Table 1: summary of simulation test results
Number of messages | Ratio of | Representation format | |
Class 1 | 1484 | 74.20% | a018* |
Class 2 | 295 | 14.75% | a010* |
Class 3 | 147 | 7.35% | a00f* |
Class 4 | 74 | 3.70% | a005* |
As can be seen from table 1, the simulation experiment result divides the collected 2000 protocol message sequence data into 4 categories, and each category message sequence representation format is "a 018 ×," a010 ×, "a 00f ×," a005 × "respectively, and is consistent with manual labeling.
3. Accuracy analysis of simulation experiment:
to demonstrate the effectiveness of the cluster analysis of the present invention, the threshold N at different ranges of N values was calculated by the following formulamaxClustering accuracy under the conditions, results are shown in table 2.

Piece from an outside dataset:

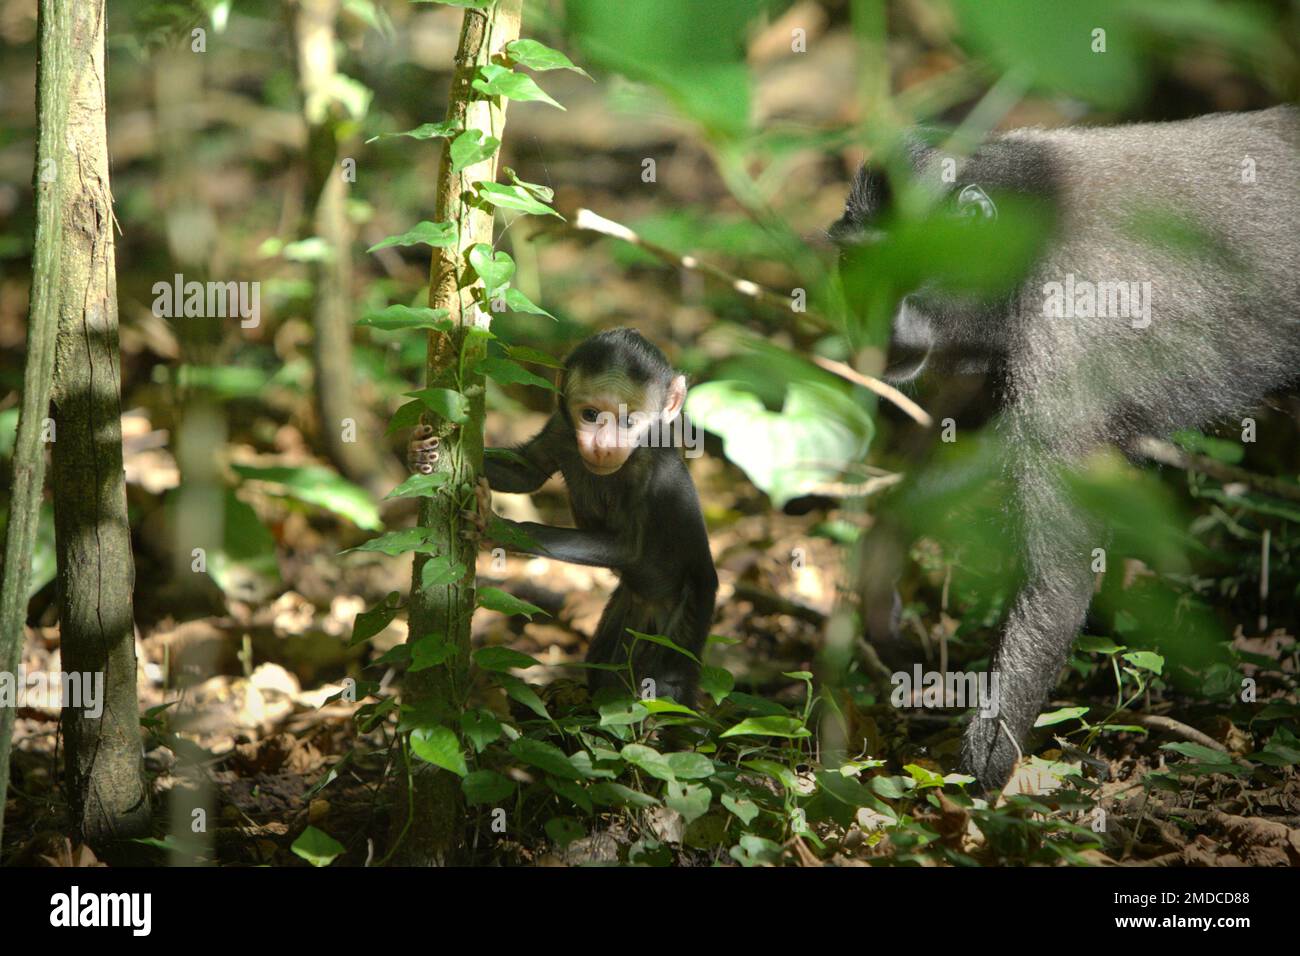 An offspring of Sulawesi black-crested macaque (Macaca nigra) is standing on forest floor as an adult female individual is closely watching during a weaning period in Tangkoko Nature Reserve, North Sulawesi, Indonesia. The interactions between ecological and social factors have a significant effect on the survival of crested macaque offsprings, according to a research paper by scientists at Macaca Nigra Project. One of the main social factors is the number of females in the group. 'Crested macaque groups with more adult females are better able to defend resources against other groups,' Stock Photo

Table 2: accuracy list of message sequence clustering analysis
Nmax | 2 | 3 | 4 | 5 | 6 | 7 | 8 | 9 |
Accuracy of | 0.5383 | 0.7189 | 0.7247 | 0.9940 | 0.5301 | 0.9658 | 0.6019 | 0.6450 |
As can be seen from Table 2, when N is presentmaxWhen the accuracy is 5, the accuracy is highest and reaches 99.40%. The result verifies the effectiveness of the invention, and shows that the method can be used as an effective unknown binary private protocol message sequenceAnd (4) clustering method.
Claims (7)
1. A message sequence clustering method of an unknown binary private protocol is characterized by comprising the following steps:
(1) collecting an unknown binary private protocol message sequence by using a data collection method;
(2) preprocessing an acquired unknown binary private protocol message sequence:
(2a) stripping link layer and transmission layer data of an unknown binary private protocol message sequence by a network packet analysis technology to obtain application layer binary private protocol message sequence data;
(2b) converting the binary message sequence data of the application layer into hexadecimal message sequence data according to a binary conversion rule;
(2c) marking the hexadecimal message sequence data to generate a sample data set;
(3) extracting multi-scale N-gram characteristics of the sample data set:
(3a) determining the minimum value and the maximum value range of the N value;
(3b) taking N value in the range, and segmenting the sample data set by using an N-gram model to obtain segmented message sequence word vectors serving as multi-scale N-gram characteristics of the sample data set;
(4) and (3) reducing the dimension of the multi-scale N-gram feature based on variance selection:
(4a) according to the word vector of the message sequence, carrying out One-Hot coding on the message sequence by utilizing the One-Hot coding to obtain a characteristic vector space model after the message sequence is coded;
(4b) calculating the variance distribution of each eigenvector according to the eigenvector space model;
(4c) reducing the dimension of the extracted multi-scale N-gram characteristics according to the variance distribution of each characteristic vector, namely selecting the characteristic vector with larger variance as a characteristic vector vocabulary of the sample data set;
(5) and embedding and expressing the message sequence according to the feature vector vocabulary:
(5a) screening word vectors of the message sequence by using the characteristic vector vocabulary, and only leaving the word vectors in the characteristic vector vocabulary as word vector characteristics of the message sequence;
(5b) taking the word vector characteristics of the sample training set as input, and training by using a word2vec model to obtain an embedded vector dictionary wv taking the weight matrix of the hidden layer of the shallow neural network as a vocabulary;
(5c) finding out the embedded vector representation wv [ w ] of the word in the embedded vector dictionary wv for the word w in each message sequence]Adding and averaging to obtain embedded vector representation E of each message sequencev;
(5d) Embedding vector E of each message sequencevNormalizing into unit vector to obtain embedded vector matrix of message sequence
(6) Embedded vector matrix of message sequence by using MeanShift probability density estimation methodPerforming modular point search to obtain the optimal clustering number K of the message sequence;
(7) clustering message sequences:
(7a) taking an embedded vector matrix of the message sequence as input, and dividing the message sequence into K sets by using a K-Means clustering method;
(7b) and respectively storing the message sequence data divided into each set.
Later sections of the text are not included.